Input data:
-------------------------

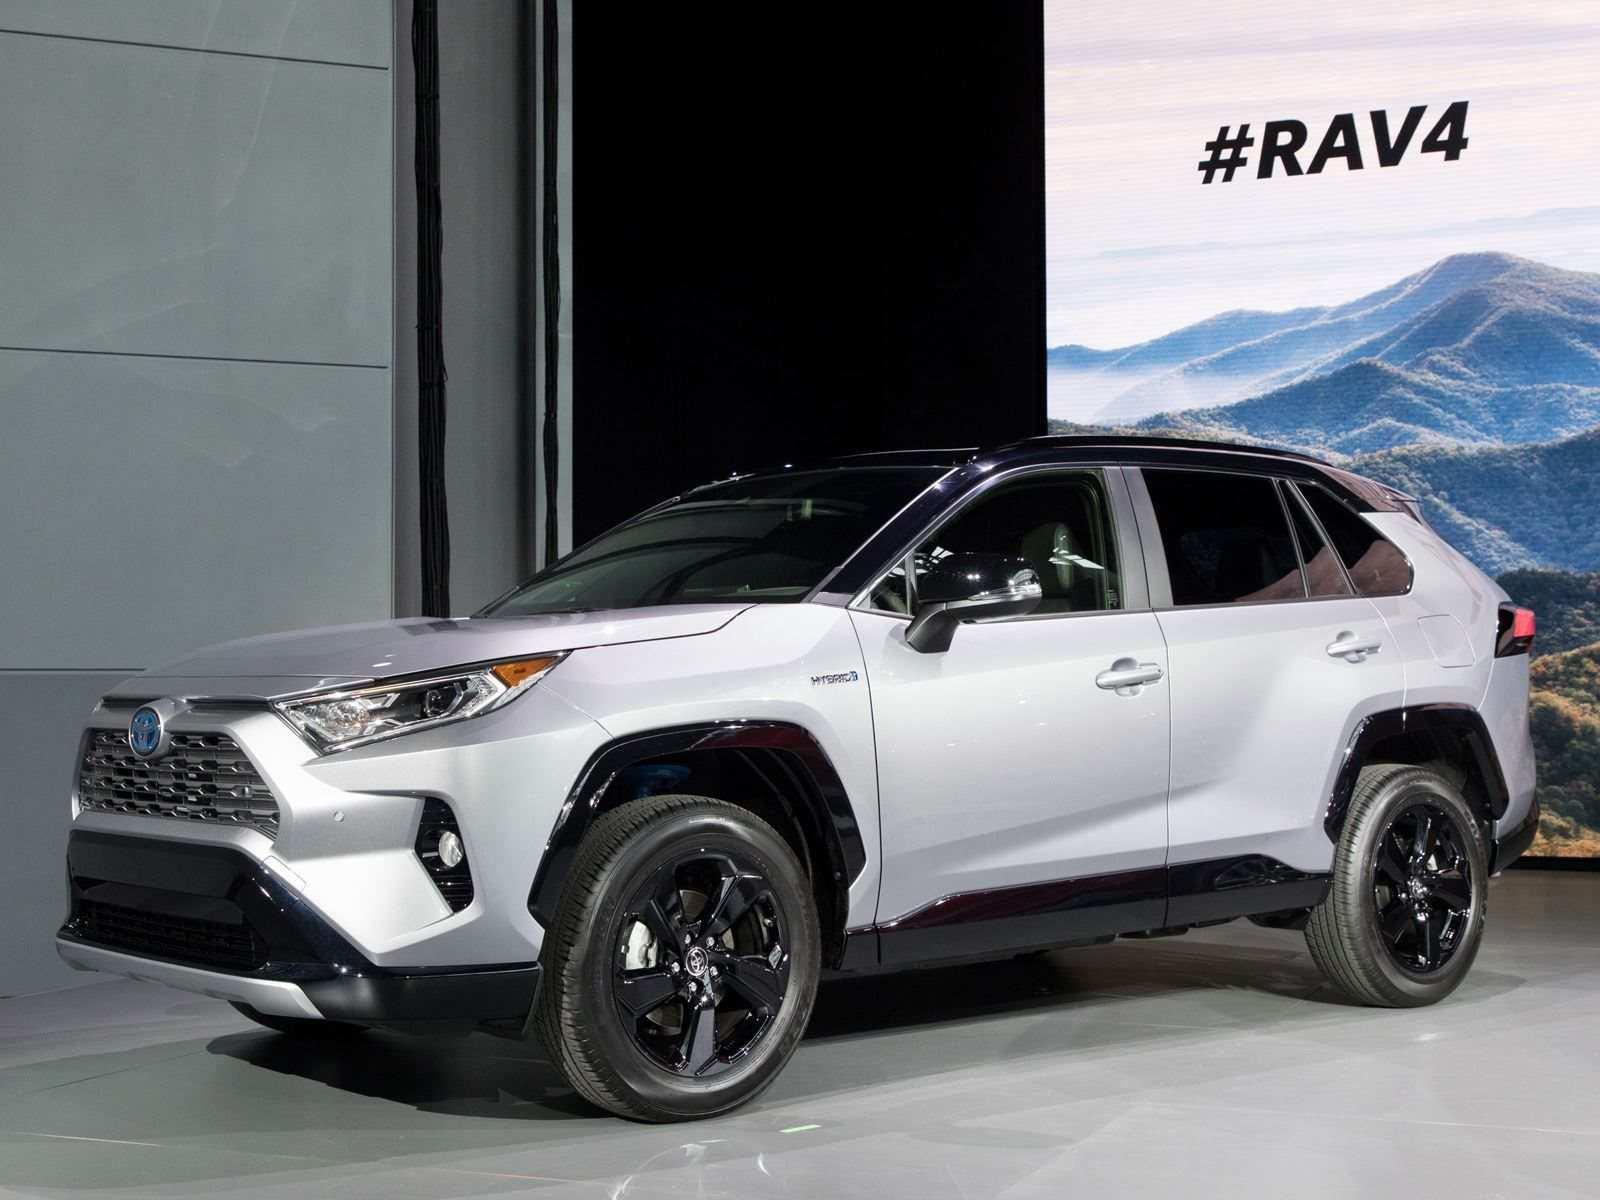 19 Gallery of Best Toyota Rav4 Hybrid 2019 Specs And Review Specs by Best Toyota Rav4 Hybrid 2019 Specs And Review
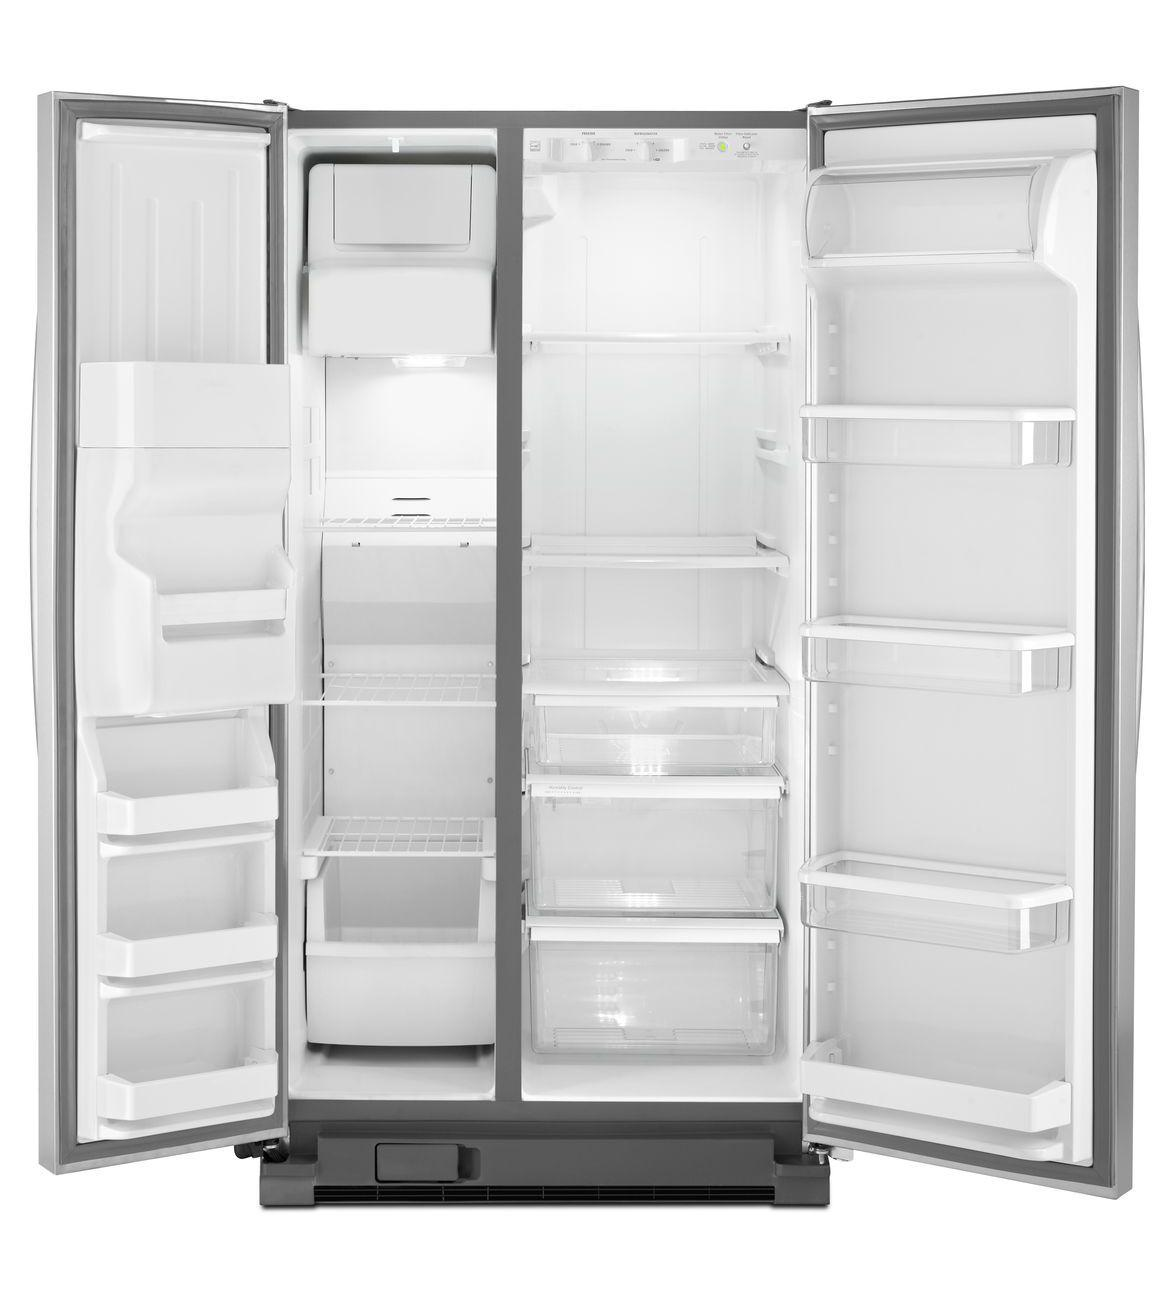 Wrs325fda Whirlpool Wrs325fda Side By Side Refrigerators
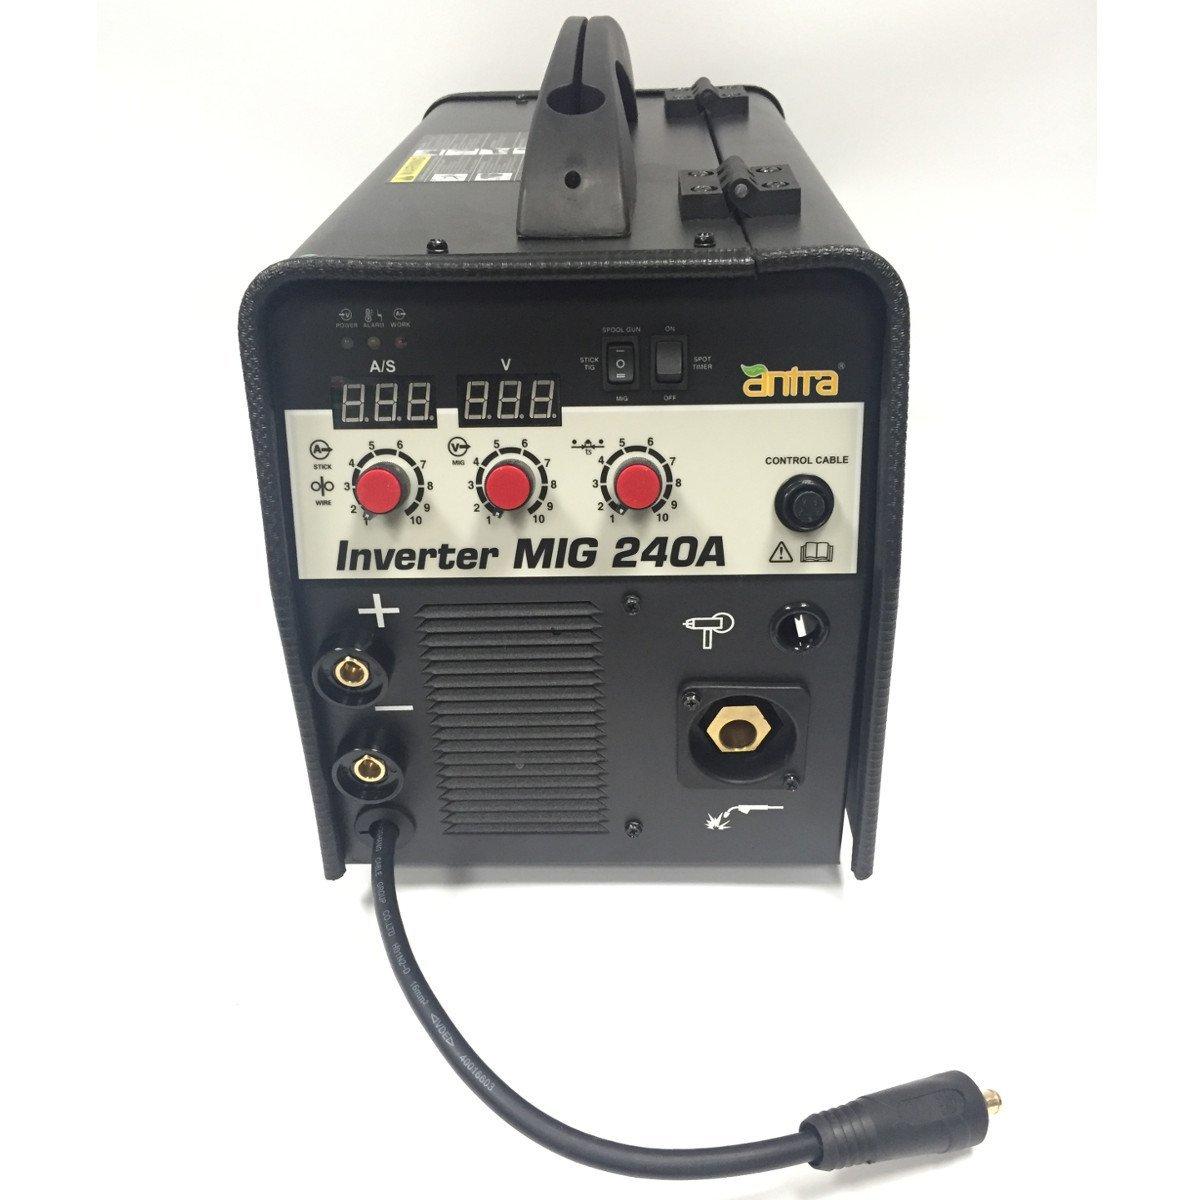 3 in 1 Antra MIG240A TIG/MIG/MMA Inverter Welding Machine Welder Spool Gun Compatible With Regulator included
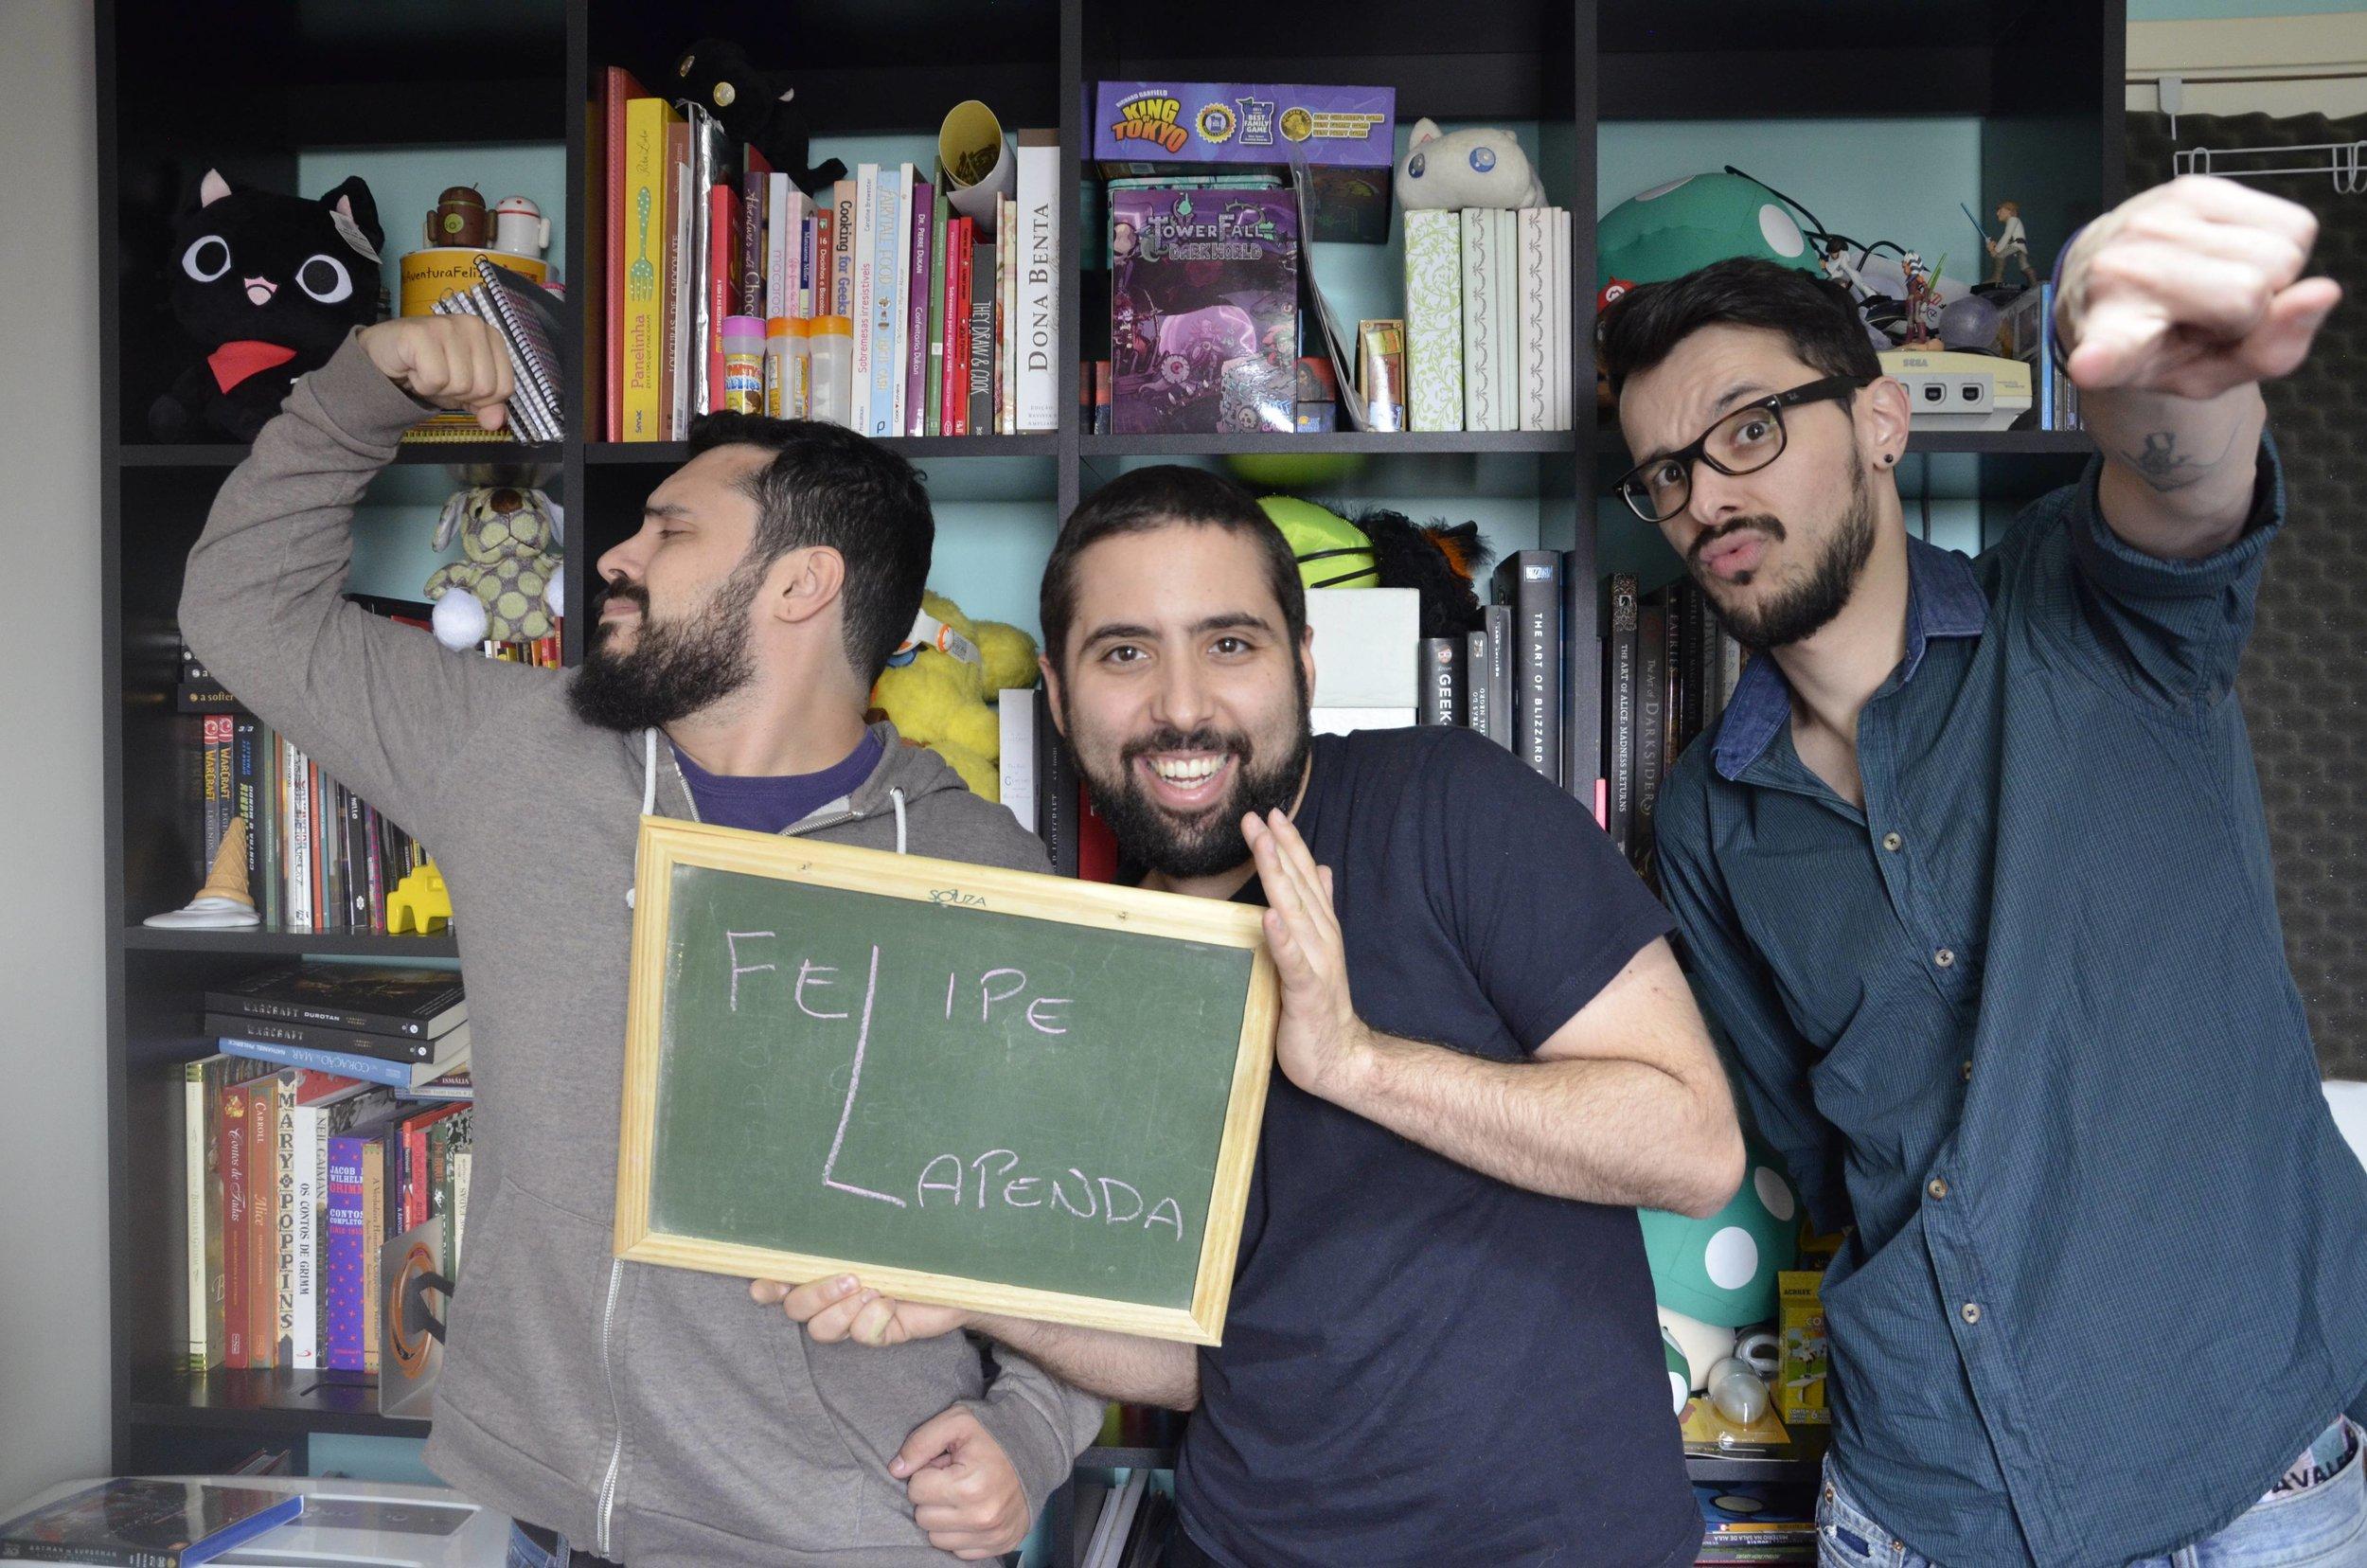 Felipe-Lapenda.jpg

-------------------------

Problem requirements:
The output is the data above, repeated exactly, with pictures omitted.

Answer to the exercise:
 19 Gallery of Best Toyota Rav4 Hybrid 2019 Specs And Review Specs by Best Toyota Rav4 Hybrid 2019 Specs And Review
 Wrs325fda Whirlpool Wrs325fda Side By Side Refrigerators
 3 in 1 Antra MIG240A TIG/MIG/MMA Inverter Welding Machine Welder Spool Gun Compatible With Regulator included
 Felipe-Lapenda.jpg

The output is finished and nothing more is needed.